> **TASK OBJECTIVE**
Take the lines below from the one with "Stay Smart for Brain Health" through the one with "Lisa Whiteman and" and retype them exactly. Include nothing else, and no pictures.

> **DATA UNDER STUDY**
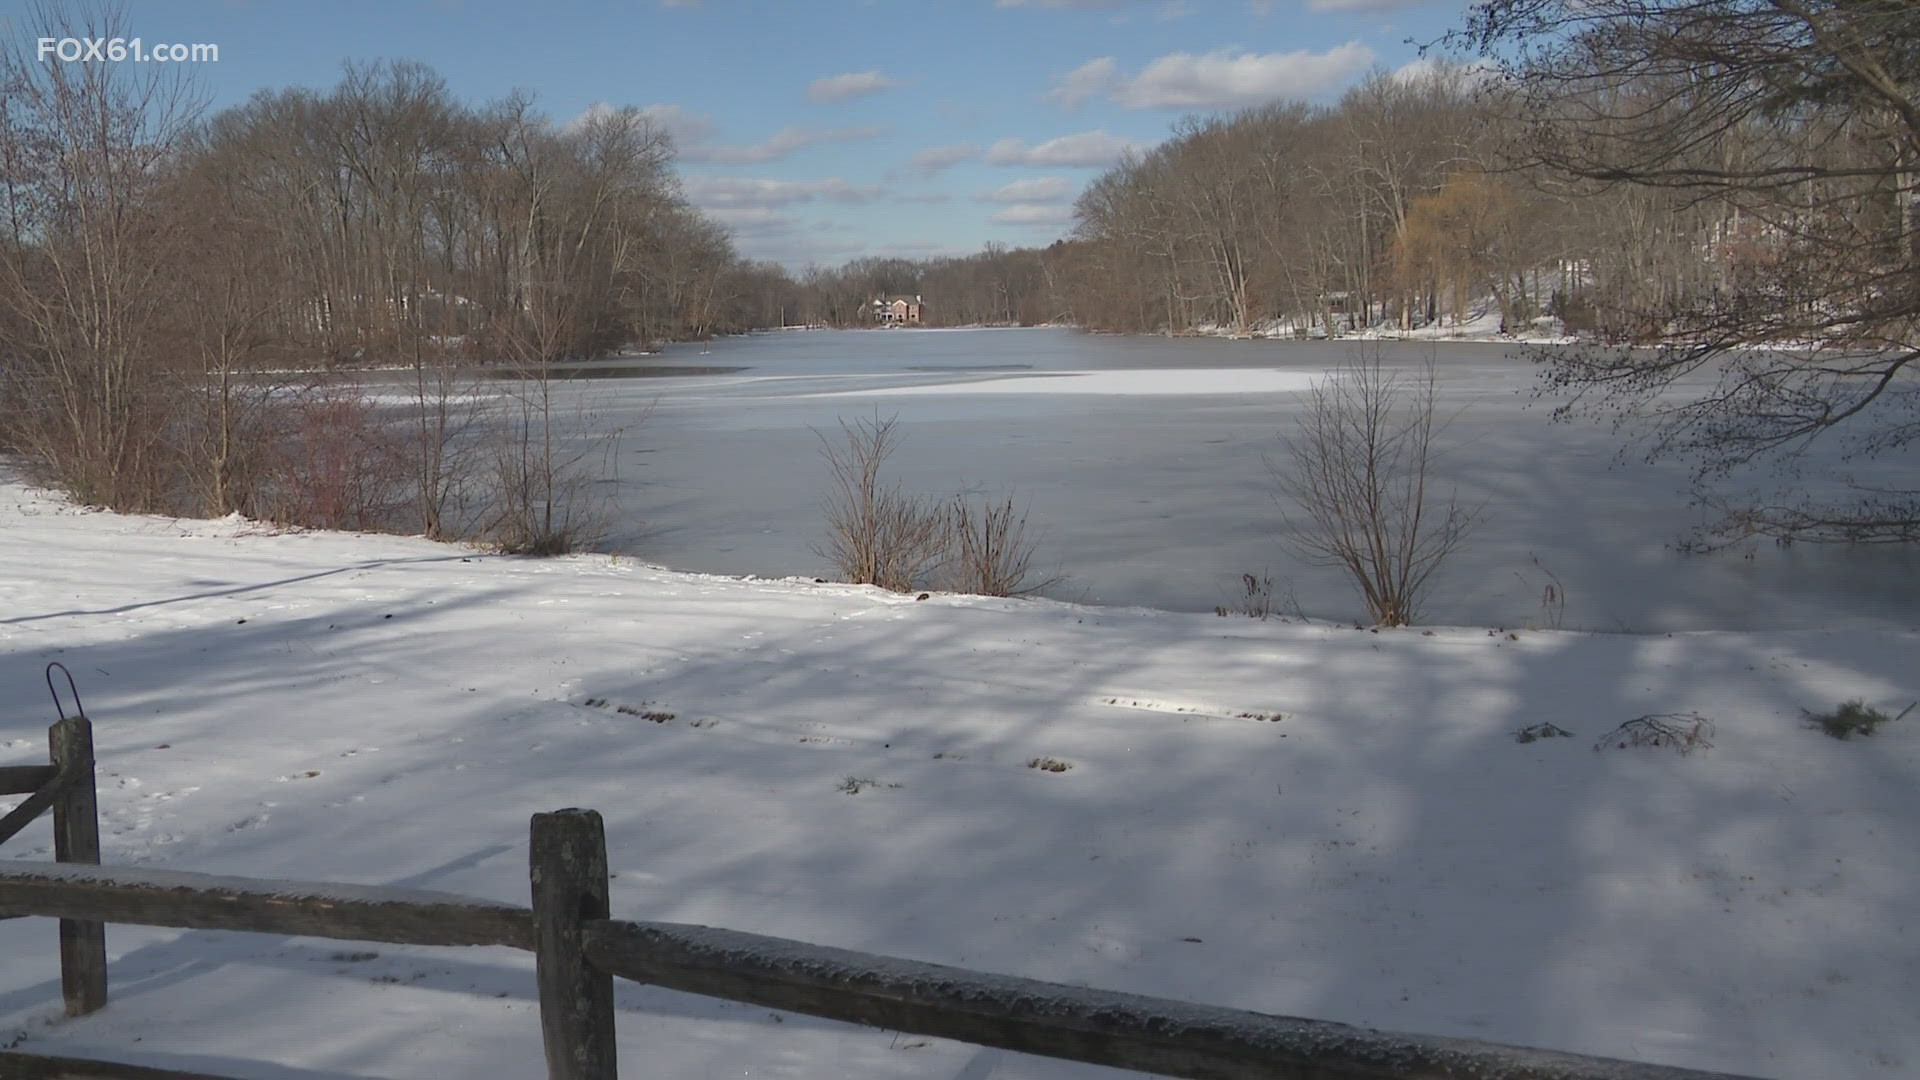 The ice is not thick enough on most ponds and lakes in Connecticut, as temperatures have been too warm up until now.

...

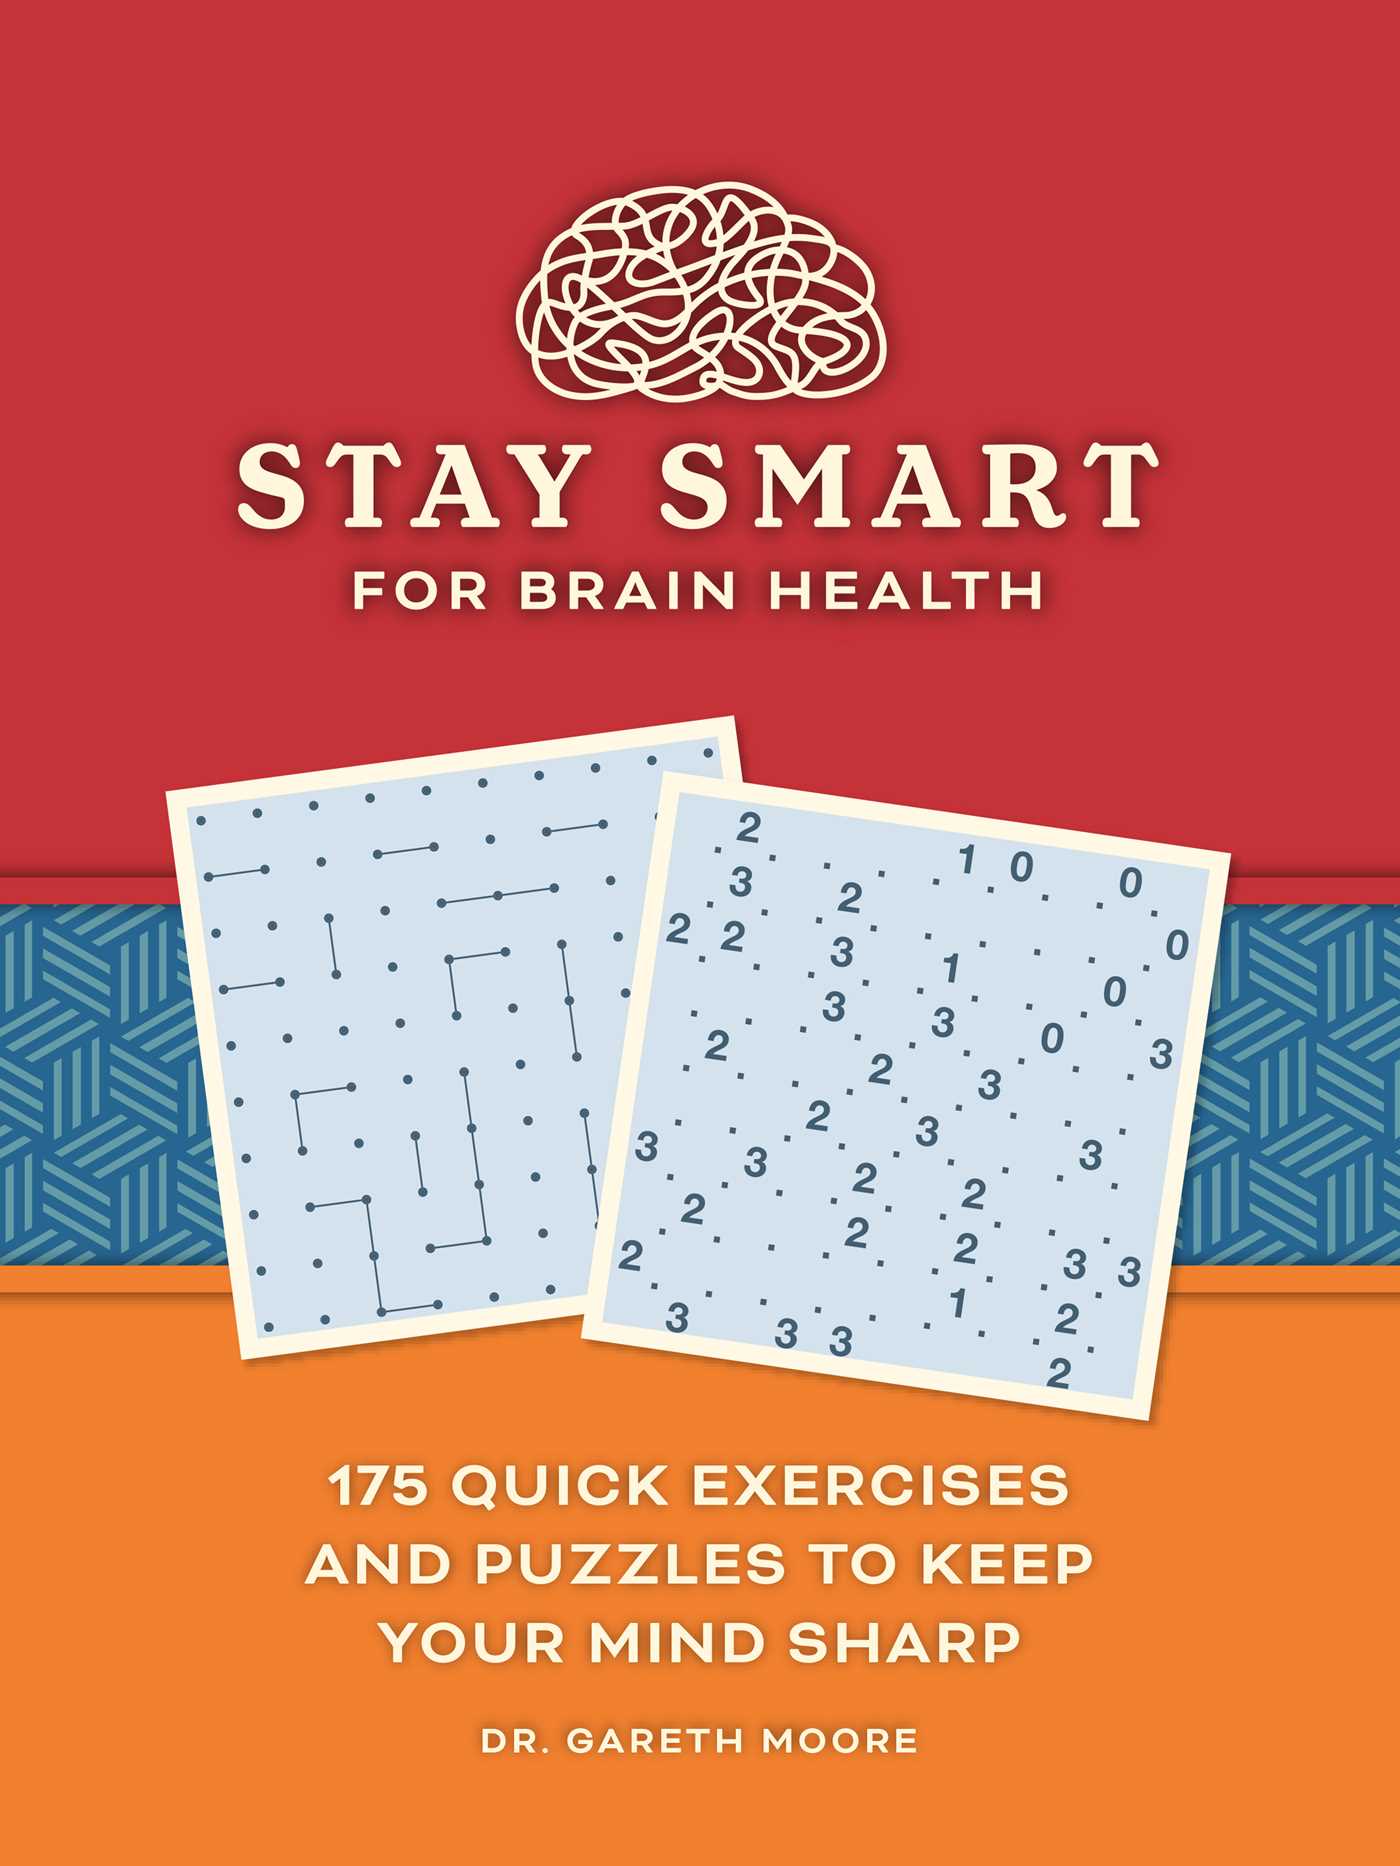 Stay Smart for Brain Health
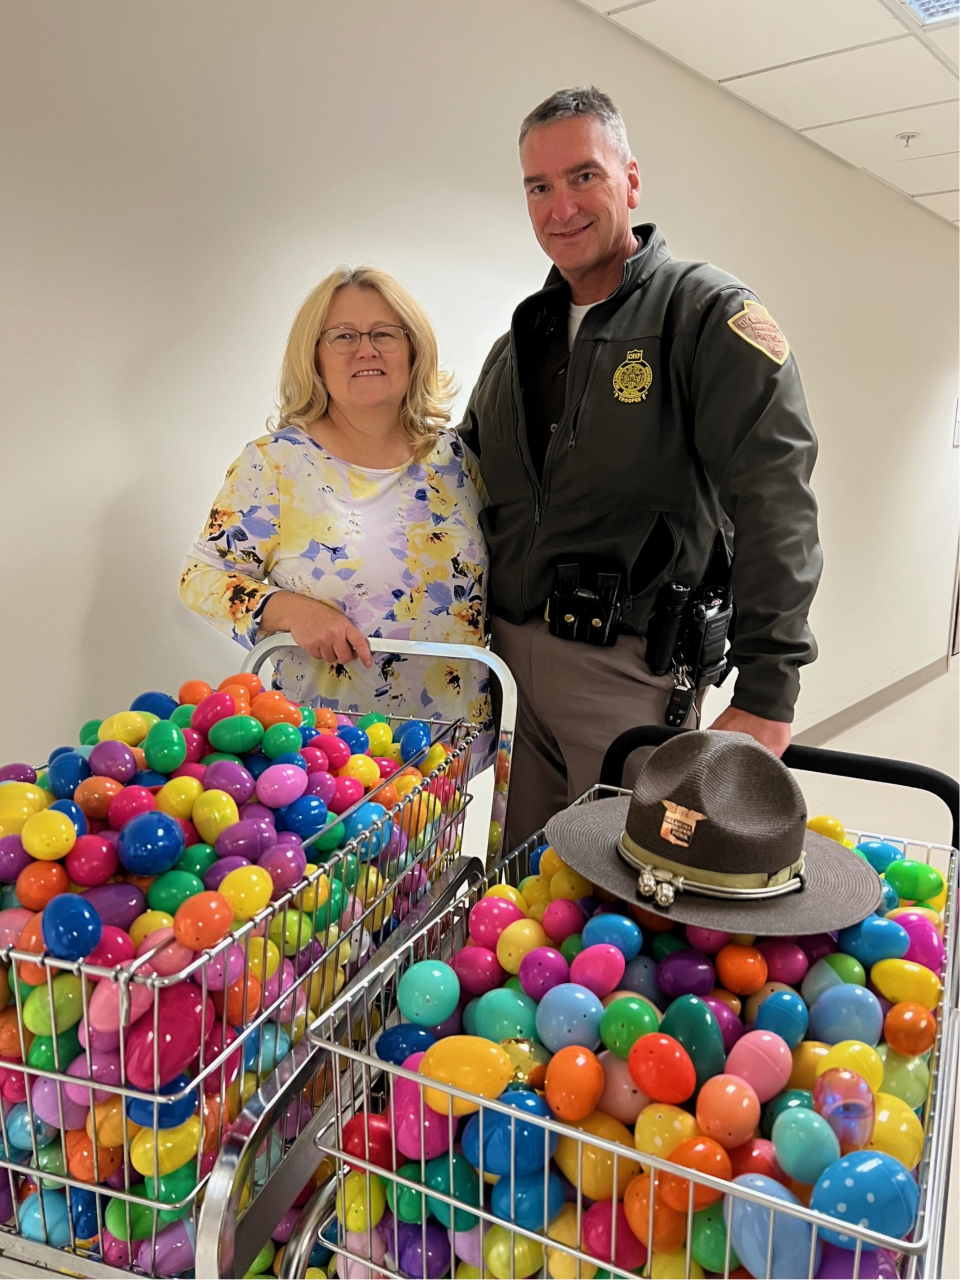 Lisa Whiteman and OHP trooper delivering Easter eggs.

> **RESPONSE BELOW**
 Stay Smart for Brain Health
 Lisa Whiteman and OHP trooper delivering Easter eggs.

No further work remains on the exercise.